13. Reusability Checklist (Applying to a New Project)
When starting a new data project, copy the Tracksolid DWH layout and edit these points:
- Rename schemas:
<proj>_controlinstead ofdwh_controlif multiple DWHs share a DB. - Adjust
<proj>_owner/<proj>_rorole names. - Update bucket prefix:
s3://<bucket>/<project>/exports|processed/. - Re-do the snapshot/incremental decision for every source table (§6).
- Identify watermark columns and natural unique keys for every incremental table (§5.1, §5.3).
- Map schema drift before writing extract SQL (§8).
- Calibrate cadence to the new project's latency budget (§10).
- Ship the three observability views (§7) — even if nobody will look at them in week one.
- Write the runbook from the template: follow
docs/DWH_PIPELINE.mdsection-for-section. - Run the verification gates (§9) before declaring done.
14. Reference Implementation (Tracksolid DWH)
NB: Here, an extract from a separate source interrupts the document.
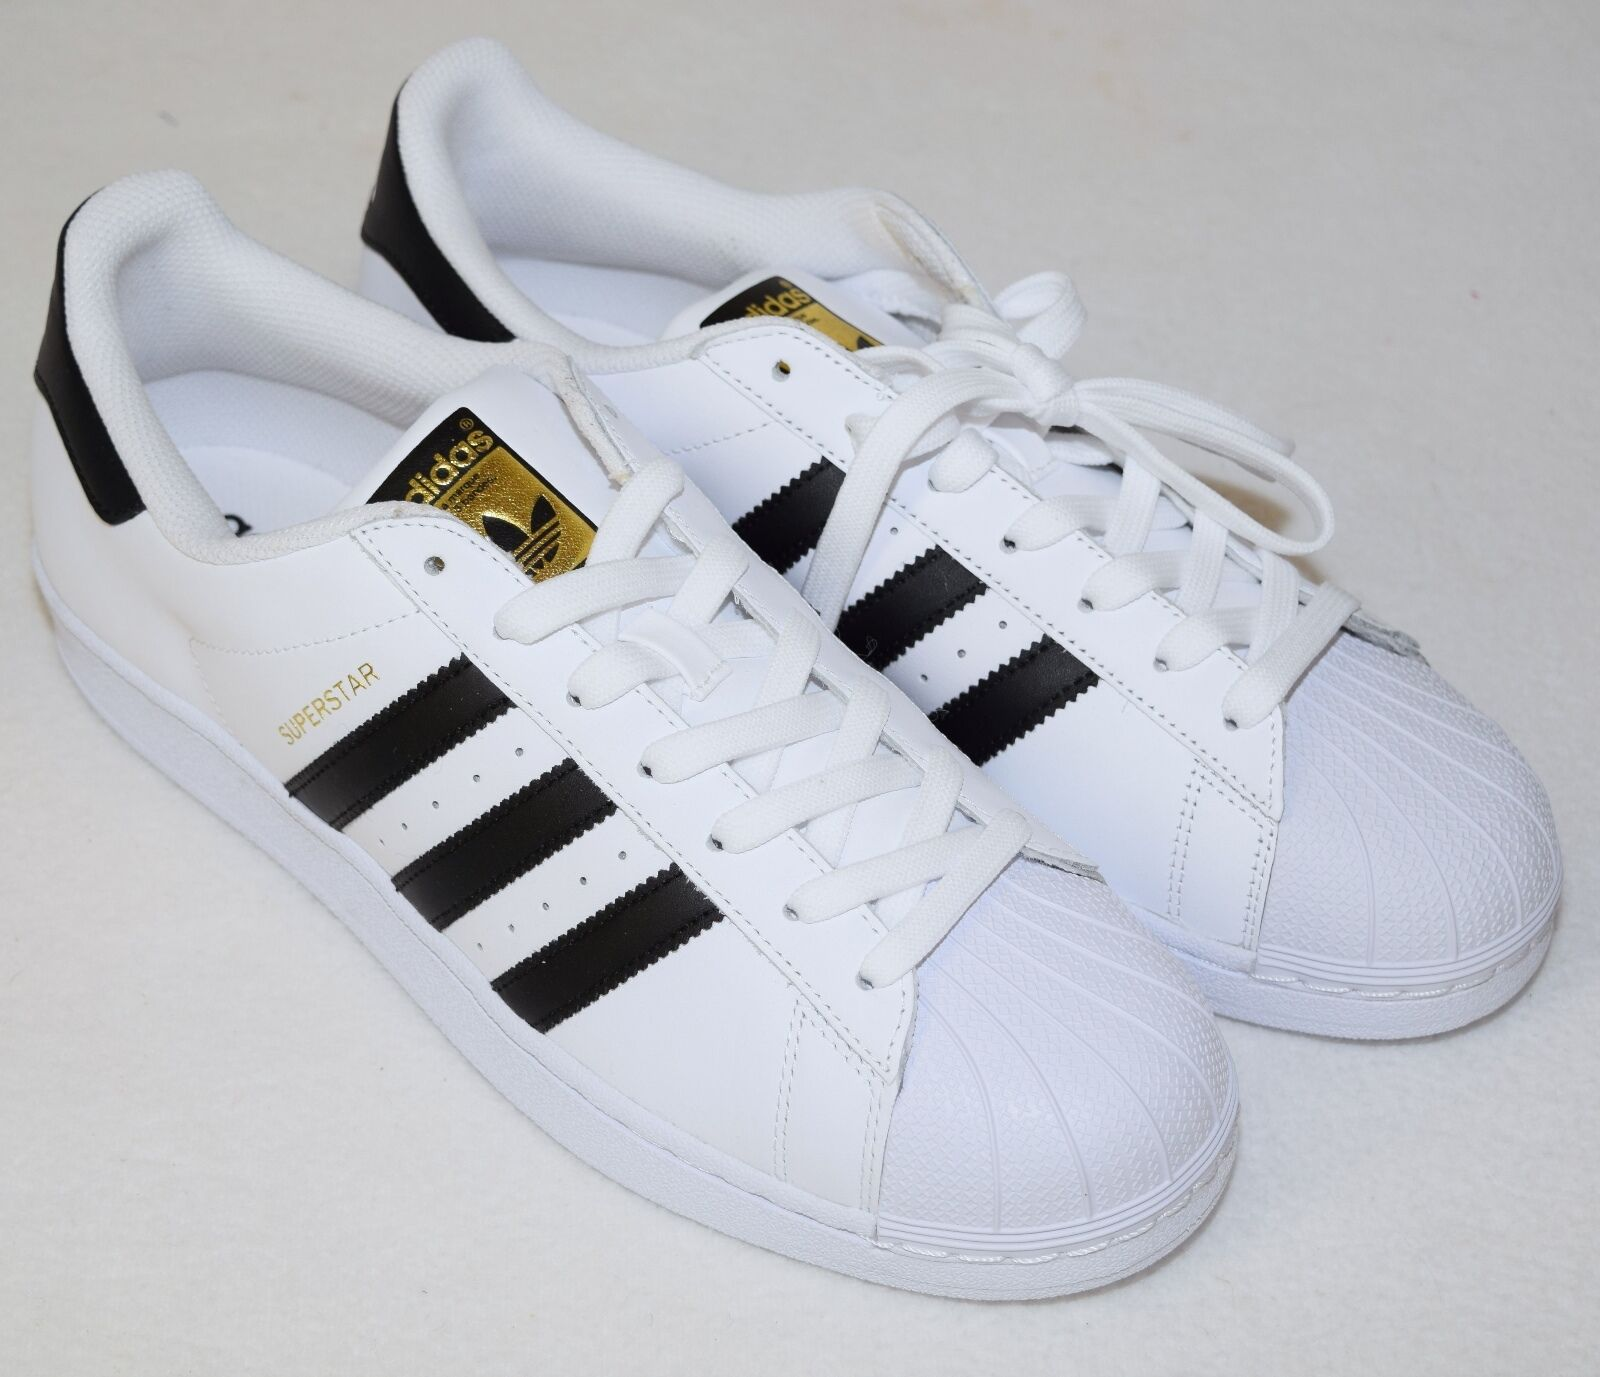 Adidas Superstar White Black gold shoes Sneakers Men's C77124 10.5 NEW La Marque

These files are the copy-paste template:
| File | Purpose |
|---|---|
dwh/260423_dwh_ddl_v1.sql |
Bronze DDL + roles + schemas |
dwh/261001_dwh_control.sql |
Control schema (watermarks + run log) |
dwh/261002_bronze_constraints_audit.sql |
ON CONFLICT key assertion |
dwh/261003_dwh_roles.sql |
Role contract assertion |
dwh/261004_dwh_observability_views.sql |
Freshness/failure/watermark views |
docs/DWH_PIPELINE.md |
Operations runbook (troubleshooting, manual re-run, rotation) |
docs/superpowers/specs/2026-04-24-n8n-dwh-bronze-pipeline-design.md |
Design spec (why each decision) |
docs/superpowers/plans/2026-04-24-n8n-dwh-bronze-pipeline.md |
Task-by-task implementation plan |
n8n-workflows/dwh_extract.json |
Extract workflow (reference) |
n8n-workflows/dwh_load_bronze.json |
Load workflow (reference) |
For the next project, fork this manual first, then adapt. Do not re-design from scratch — the seven design principles in §5 are the parts people keep getting wrong.